And here’s how to extract the edges of a network of retweets (at least one possible way of doing it):
tweets <- parseTweets("~/data/trump-streaming-tweets.json")
## 326 tweets have been parsed.
# subset only RTs
rts <- tweets[grep("RT @", tweets$text),]
edges <- data.frame(
node1 = rts$screen_name,
node2 = gsub('.*RT @([a-zA-Z0-9_]+):? ?.*', rts$text, repl="\\1"),
stringsAsFactors=F
)
library(igraph)
##
## Attaching package: 'igraph'
## The following objects are masked from 'package:stats':
##
## decompose, spectrum
## The following object is masked from 'package:base':
##
## union
g <- graph_from_data_frame(d=edges, directed=TRUE)
Finally, it’s also possible to collect a random sample of tweets. That’s what the “sampleStream” function does:
sampleStream(file.name="~/data/tweets_random.json", timeout=30, oauth=my_oauth)
## Capturing tweets...
## Connection to Twitter stream was closed after 30 seconds with up to 1986 tweets downloaded.

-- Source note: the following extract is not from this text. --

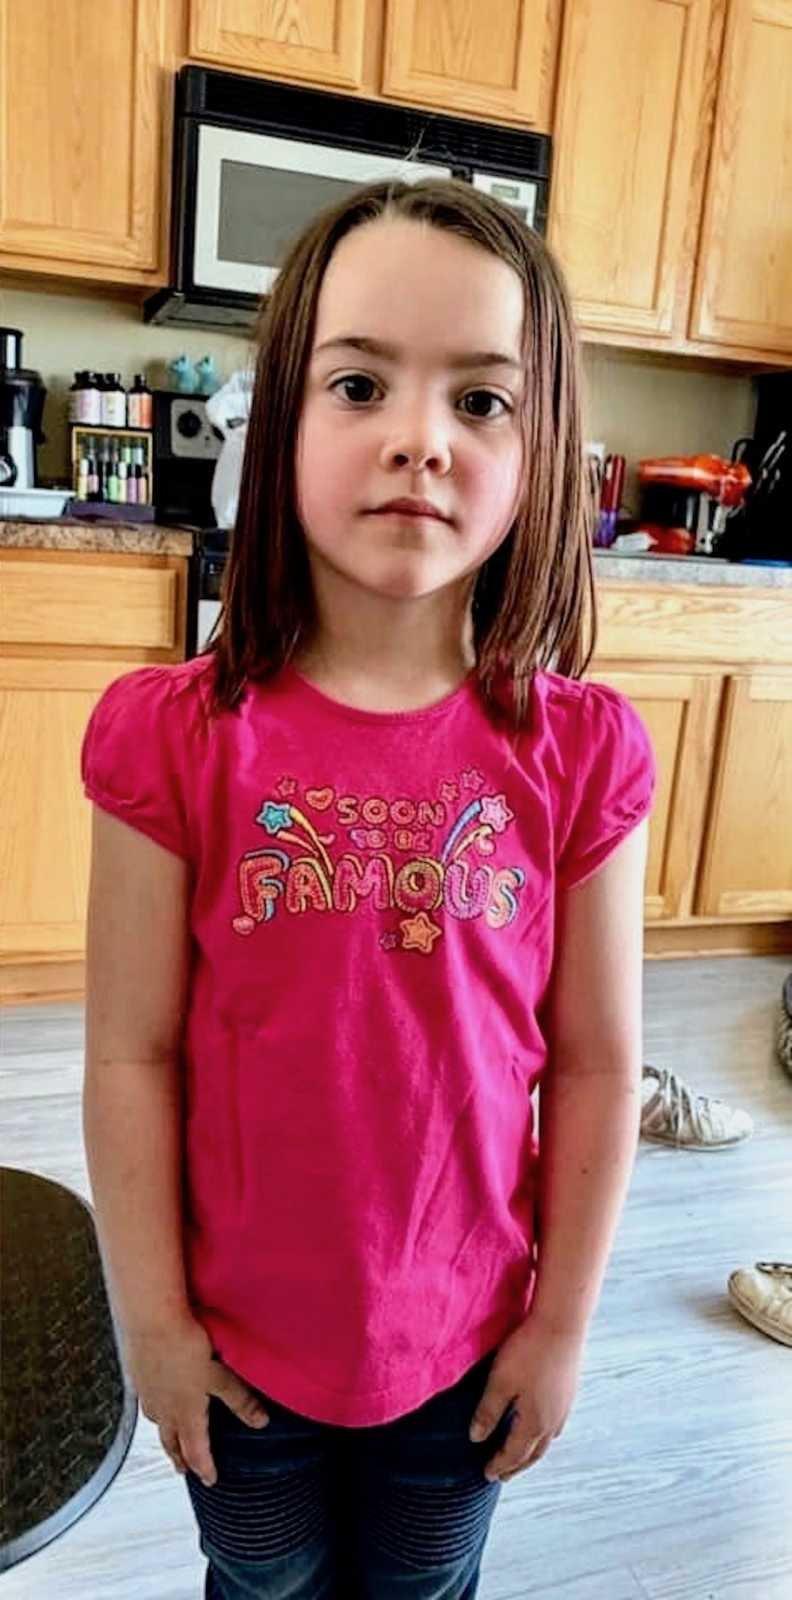 Le t-shirt que la jeune fille a été obligée de porter. l Source: Emily Stewart

Here I’m collecting 30 seconds of tweets. And once again, to open the tweets in R…
tweets <- parseTweets("~/data/tweets_random.json")
## 1096 tweets have been parsed.
What is the most retweeted tweet?
tweets[which.max(tweets$retweet_count),]
## text
## 823 RT @Jon_Christian: Bless this doggo who stole a GoPro https://t.co/tZwVdniJoQ
## retweet_count favorite_count favorited truncated id_str
## 823 293438 791017 FALSE FALSE 1024241541605466112
## in_reply_to_screen_name
## 823 <NA>
## source
## 823 <a href="http://twitter.com/download/iphone" rel="nofollow">Twitter for iPhone</a>
## retweeted created_at in_reply_to_status_id_str
## 823 FALSE Tue Jul 31 10:33:07 +0000 2018 <NA>
## in_reply_to_user_id_str lang listed_count verified location
## 823 <NA> en 2 FALSE <NA>
## user_id_str description geo_enabled user_created_at
## 823 4883255627 <NA> TRUE Sat Feb 06 22:49:15 +0000 2016
## statuses_count followers_count favourites_count protected user_url
## 823 16393 180 10840 FALSE <NA>
## name time_zone user_lang utc_offset friends_count screen_name
## 823 momone NA en NA 178 BibitefFaustin
## country_code country place_type full_name place_name place_id
## 823 <NA> <NA> NA <NA> <NA> <NA>
## place_lat place_lon lat lon expanded_url url
## 823 NaN NaN NA NA <NA> <NA>
What are the most popular hashtags at the moment? We’ll use regular expressions to extract hashtags.
library(stringr)
ht <- str_extract_all(tweets$text, "#(\\d|\\w)+")
ht <- unlist(ht)
head(sort(table(ht), decreasing = TRUE))
## ht
## #VRoid #MTVHottest #워너원 #4 #WANNAONE #박우진
## 16 7 4 3 3 3
And who are the most frequently mentioned users?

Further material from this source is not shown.